When I was a child, my parents always told me to treat everyone how I wanted people to treat me. They also told me to never hurt others. My parents never said that this kindness only applied to certain groups of people, so I share it with everyone.
Some people use religion as an excuse to treat gay people differently or exclude them completely, which confuses me. Then, they claim that their religious freedom is under attack when their actions inevitably come with consequences.
To this I say: Your freedom of religion is not under attack. Your homophobic beliefs and their place in your religion is actually under attack.
But, discrimination isn’t even the force that hurts LGBTQ+ people most.
Others’ invalidating responses to the homophobia we experience really hurts us more than anything else. Everyone brushes our feelings to the side and claims that we’re “too sensitive.” Then, people tell us that we need to accept that not everyone needs to agree with our “lifestyle.” What’s more, everyone tells us to treat these homophobes kindly, even as they tear apart a fundamental, innate part of our existence. They say, “You can’t fight hate with hate,” but they shower our bigots in love and ignore our feelings completely.
Let me make one thing clear: Our righteous anger and intense emotional reactions in response to homophobia is not hate. Rather, it’s a completely justified reaction to the homophobia we experience every day.
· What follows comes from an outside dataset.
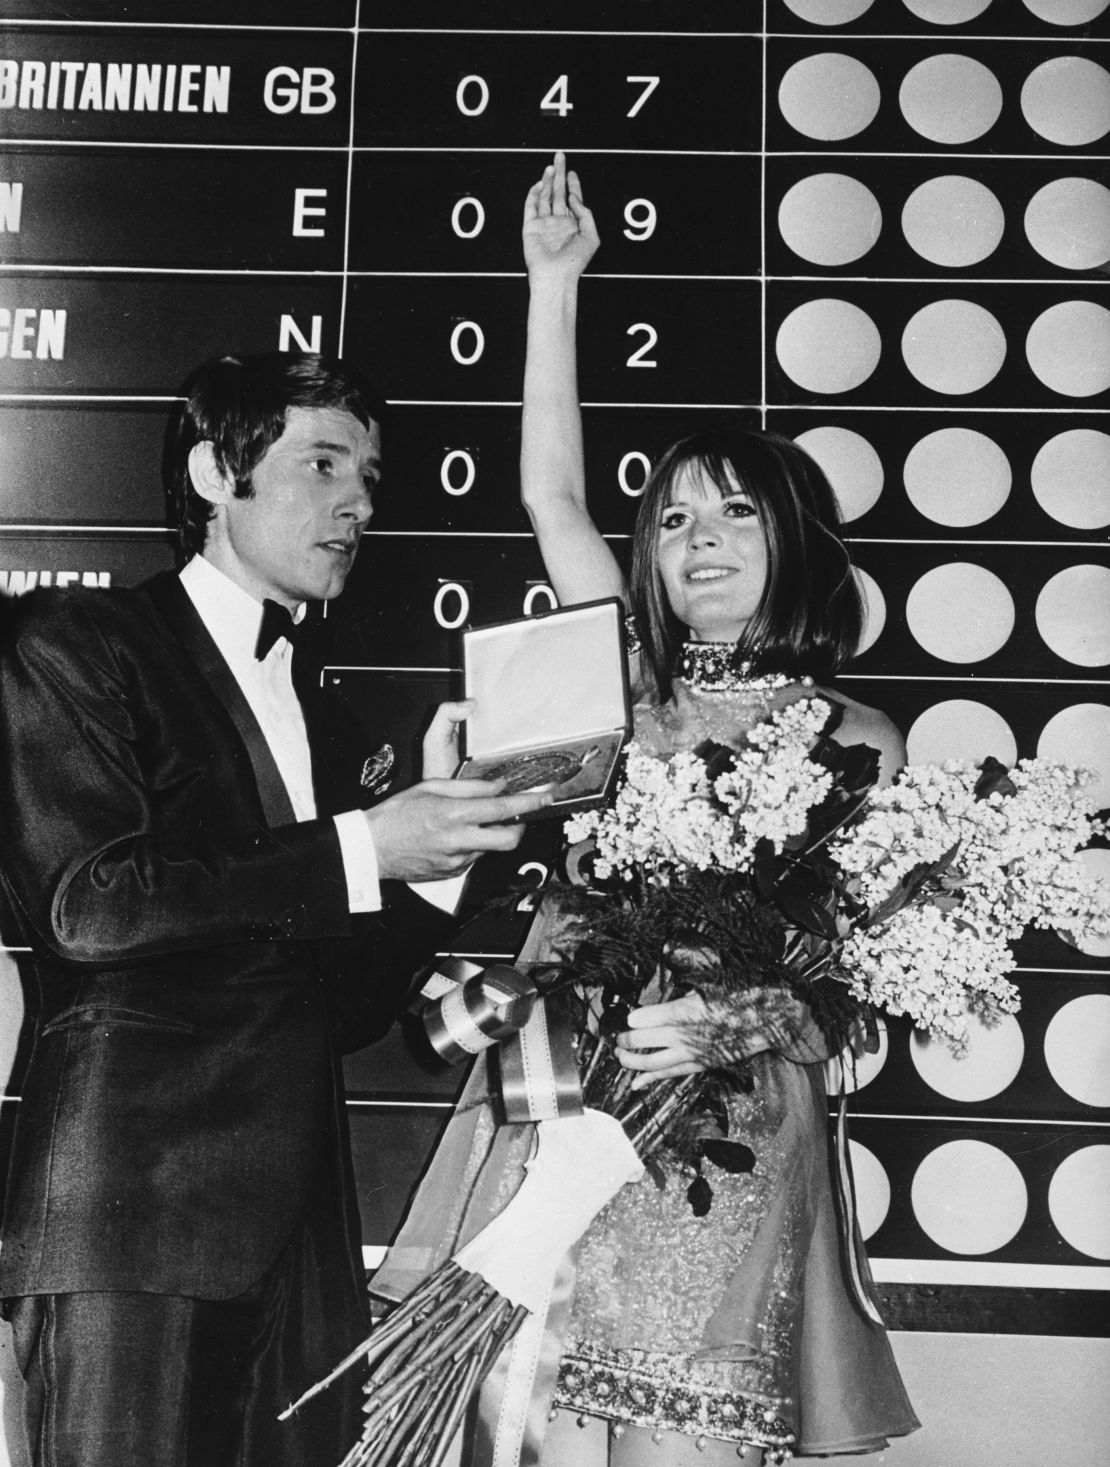 British singer Sandie Shaw wins Eurovision in 1967 with her song "Puppet on a String."

We need to stop acting like gay people have caused an equivalent amount of harm as do people who hold homophobic beliefs. We do not need to be polite and civil to people who choose to believe that there is something wrong with us when that belief is incorrect.
We do not need to coexist with people who believe we should not exist at all.
Thankfully, I’m old enough to know that homophobic opinions are wrong and that my sexuality is beautiful and natural. I love being a lesbian, I love my girlfriend, and I love the life we have created together. I would never change it, even if I could.
When I think about LGBTQ+ children and teens who see awful, homophobic comments on the Internet, I worry. It breaks my heart that they might not know that harsh comments about their sexualities are not true. It breaks my heart that they will feel inward shame when they wear their sexuality with pride.
I hate to imagine how homophobia could affect a vulnerable LGBTQ+ teen, especially now that mental wellbeing for LGBTQ+ youth is at an all-time low. Suicide is currently the second leading cause of death for people ages 10-24, but LGBTQ+ youth are five times more likely to attempt suicide than heterosexual teens. Trans people are 11 times more likely to attempt than heterosexual youth, and intersex youth are 18 times more likely to try to die by suicide. And in Australia, LGBTQ+ people have the highest rate of suicidality.
So, next time you comment on someone’s sexual identity, I ask you to think of these children. Think about whether their lives and mental wellbeing matter less than your belief that they can and should change. Because whether you mean to or not, your words are killing members of the LGBTQ+ community. We need to start accepting people for who they are, regardless of our personal feelings. We need to let them live.